GNU Chess/Java Starts to Run

I decided to go ahead and convert the remaining printf() calls (too chicken to try switching to Java 5 at this point) and ignore the signal() calls so I could try running GNU Chess/Java. The signal() calls are only used for handling control-C to allow interupting of the think process. Not sure what the Java equivalent would be.

For a while, I would get early crashes when trying to run. Usually these were NullPointerExceptions due to uninitialized array members. IndexOutOfBounds errors were a little trickier to fix, and for one of them I had to actually run the C version to compare values. Turns out the array index was -1 there, too! I’ve already marked a half dozen or so places where the C code looks suspicious, so I think this effort will unearth a few problems in the original source.

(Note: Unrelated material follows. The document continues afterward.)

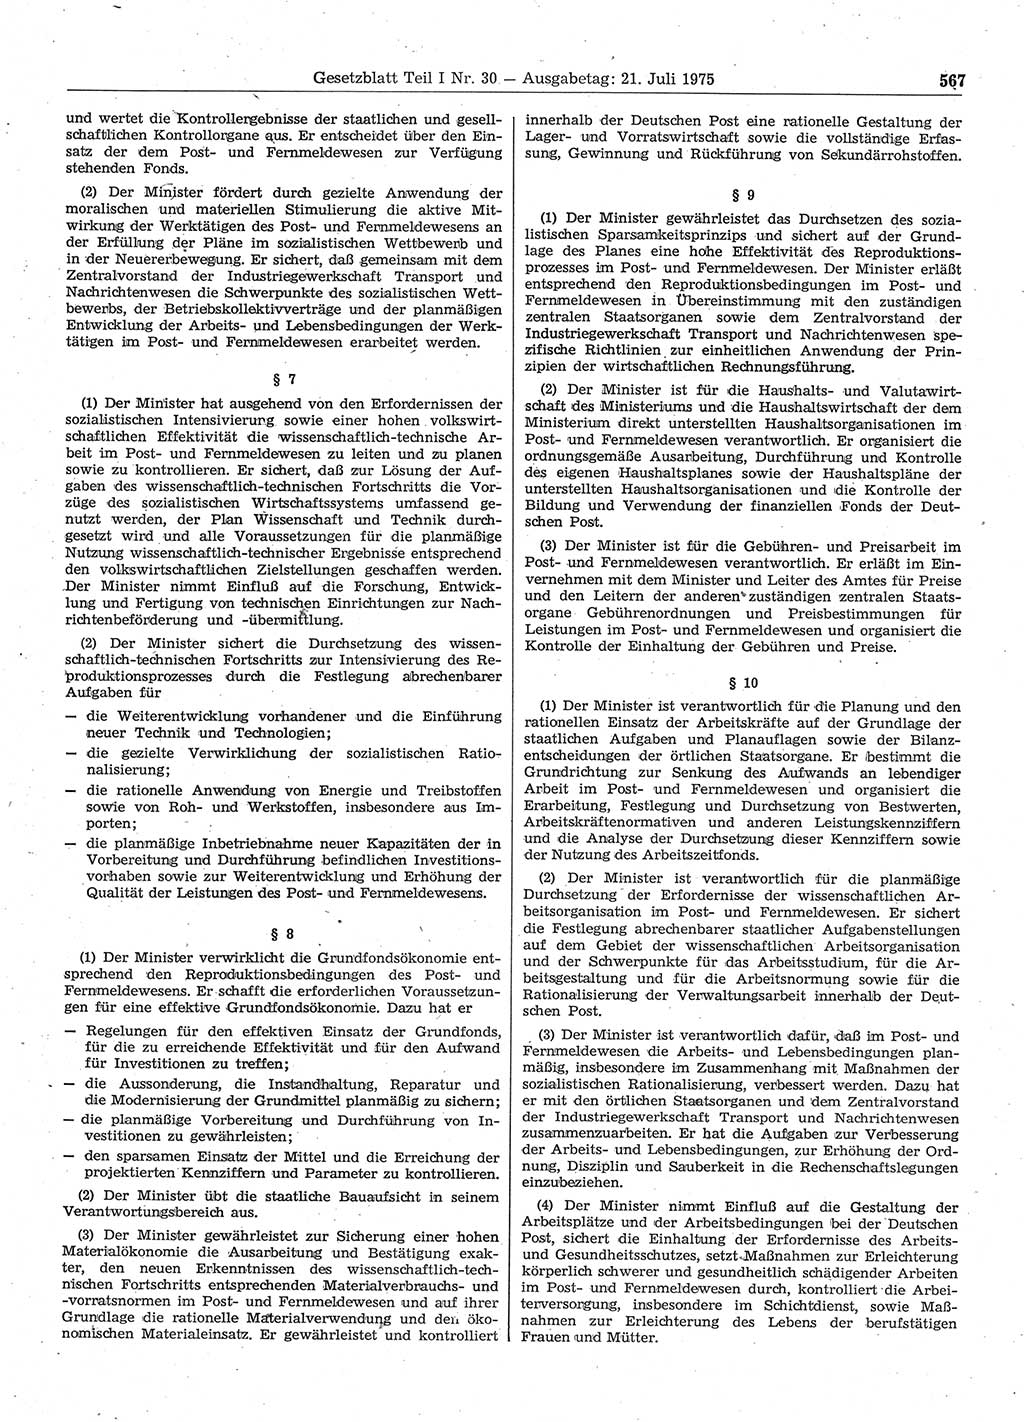 Gesetzblatt (GBl.) der Deutschen Demokratischen Republik (DDR) Teil Ⅰ 1975, Seite 567 (GBl. DDR Ⅰ 1975, S. 567)

There were a couple of errors to get around when trying to build the C version, which I’m guessing are due to different versions of the developer tools on Mac OS X 10.4. There is also a problem running the C version. It seems to process one command and then get a bus error. Coincidentally, the Java version has a similar problem. After processing one command, it gets lost trying to look for more input — there’s some threading issue going on.

The program has some self-test commands that I was able to use to compare speeds. The Java version appears to be about half the speed of the C version. Some results

Test C Java
movegen 34M moves/sec 16M moves/sec
eval 217K evals/sec 110K evals/sec

Not bad.

Other tests, which actually try to find the best moves, are crashing …. If I can get past that, I may need a catchy name for this project. Jnuchess?